In these three verses, Wesley is focusing on that mystery we confronted in the words of “Once in Royal David’s City,” and which we heard in the words from Paul’s letter to the Philippians. It is the mystery of the incarnation, the mystery of God becoming, literally “enfleshed” as a human being. Think of that line in the second verse: “veiled in flesh, the Godhead see, hail the incarnate deity.” What we sing of, at Christmas, is the strange and wondrous idea that God, the deity, the creator and ruler of all the universe, was incarnate in this baby Jesus, and came into the world in the same vulnerable, awkward, and difficult existence that we all share. For some reason, God was, again in Wesley’s rich words “pleased as man with men to dwell, Jesus our Immanuel.” God, as a human, dwells with the human family. If we were not so used to that concept, it would shock us. We might even find it heretical, as, indeed, many people did at the time.
And maybe it still does offend us. Maybe this isn’t what we really want from God, when we step back to think about it.
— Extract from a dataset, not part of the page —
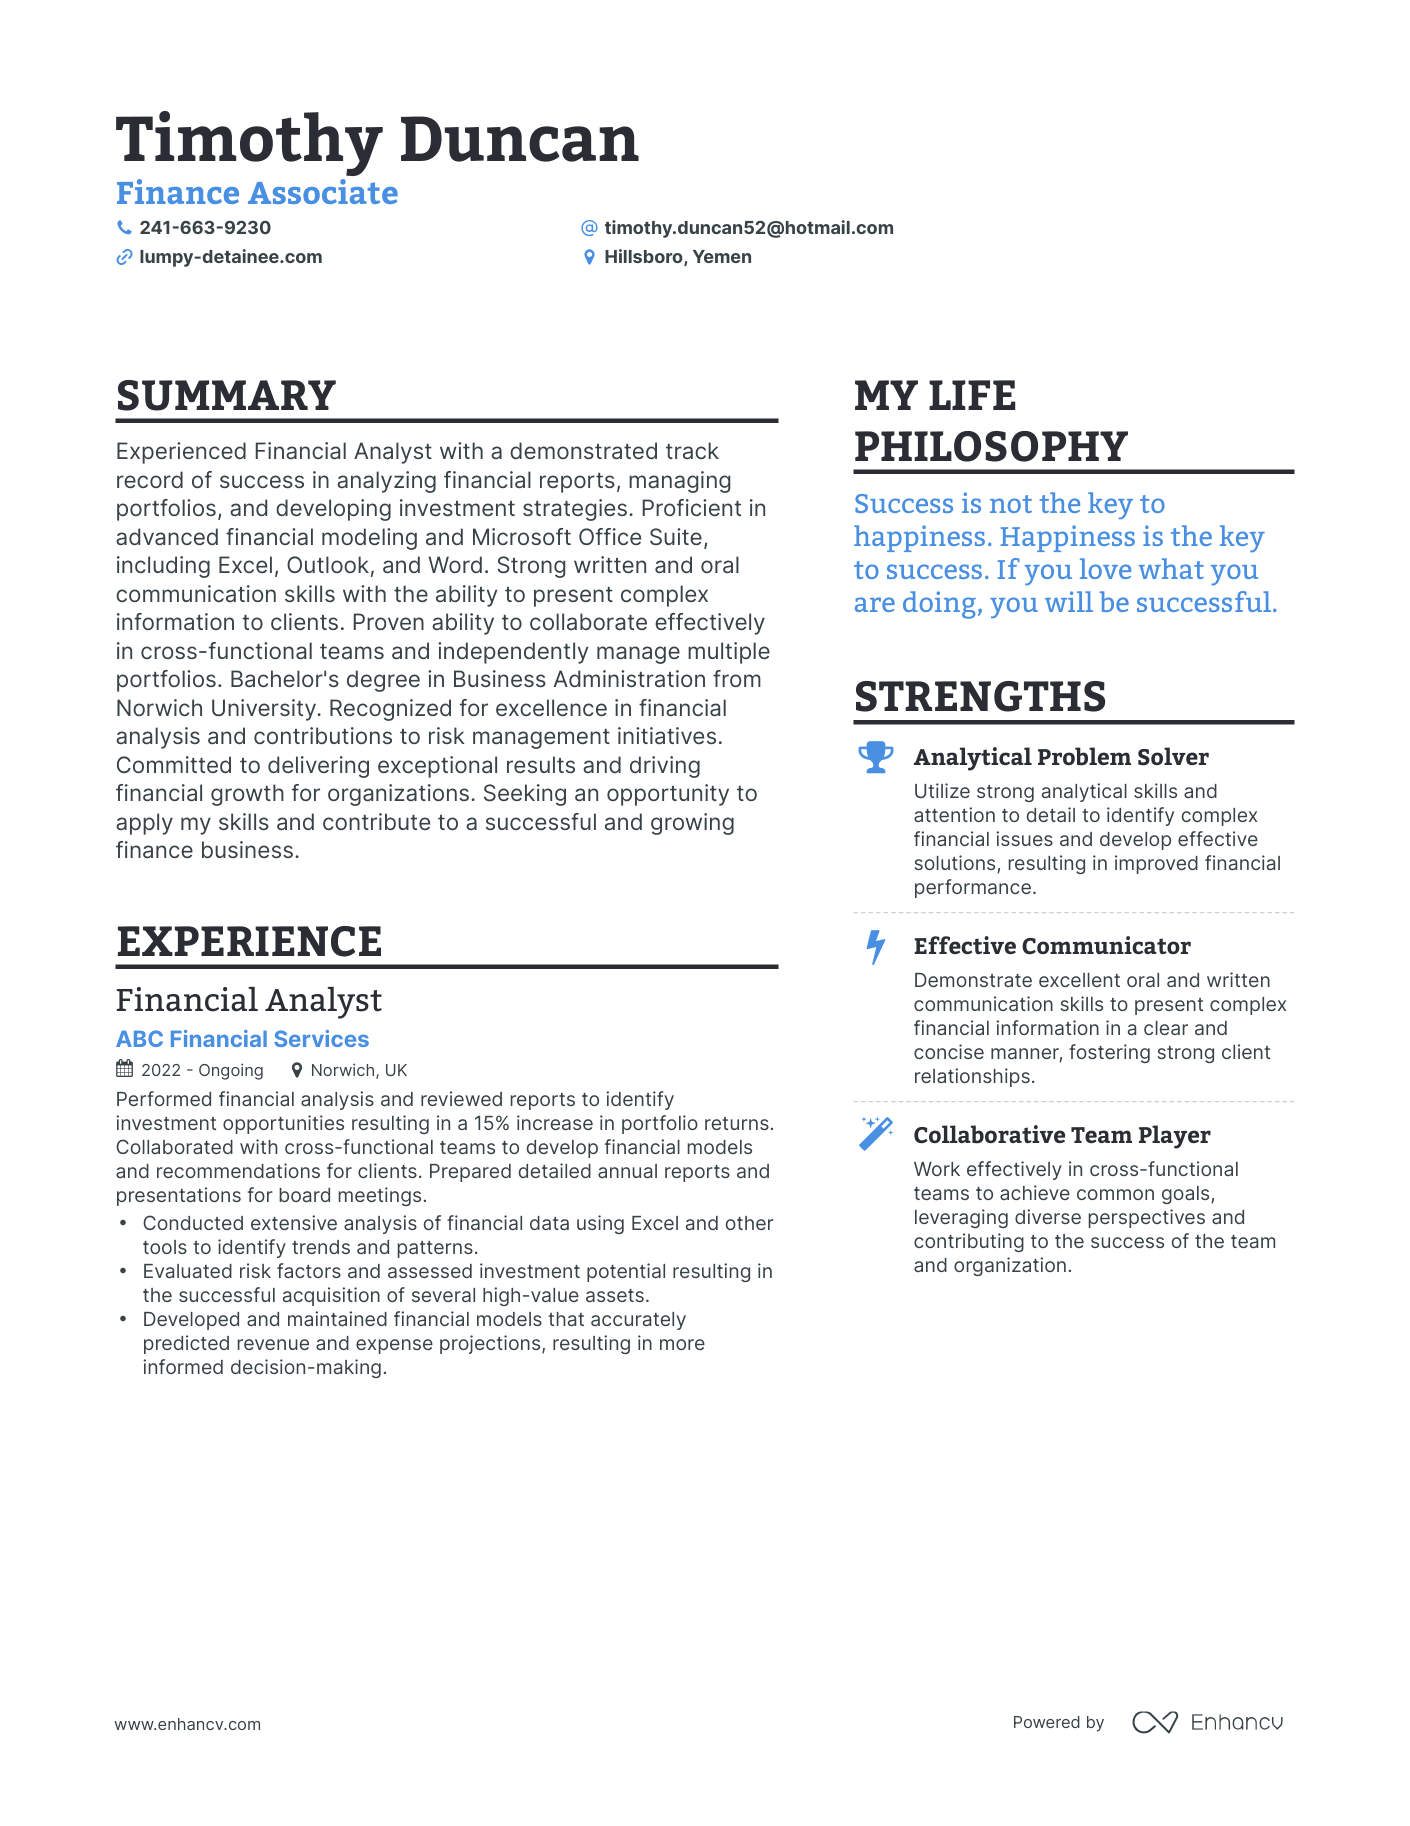 Finance Associate resume example

Wouldn’t we rather have a God who sticks with the power and majesty? We want God from on high to fix things that cause us pain and grief. We want a God of power to vanquish disease and wars, to give us clear direction, and restrain those who would do us harm. We want a God of might to provide food for the hungry, clean water to dry places, and shelter for the weary. Why are we so pleased with Christmas and the baby Jesus? Why don’t we take that Nike slogan and throw it back to God “Just do it!” “Just wave your hands or speak a word and make things right!” What was this business of becoming one of us? We’ve got plenty of us – what we need is God the powerful and mighty to shake things up!
So, you can see why some people found Jesus to be blasphemous. The thing is, we may think that we want God to come in power and remake everything – many of our prayers sound a lot like that – but what we really need is for God to love us right through the midst of the most painful, darkest parts of our lives. We need God to love us when bad things happen to us and when we are the ones who have done bad things to others. And the best way for God to love us was to show us that we are worth more than all the power and glory of heaven, to show us that when all is said and done, and when death itself has passed, then all will be made well. When we sing “Hark, the Herald Angels Sing,” notice that reference to Easter in the third verse: all will be well. God showed us by putting aside the status of divinity and becoming one of us. “Mild he lays his glory by, born that man no more may die.” What a wondrous mystery, that God would do that for us.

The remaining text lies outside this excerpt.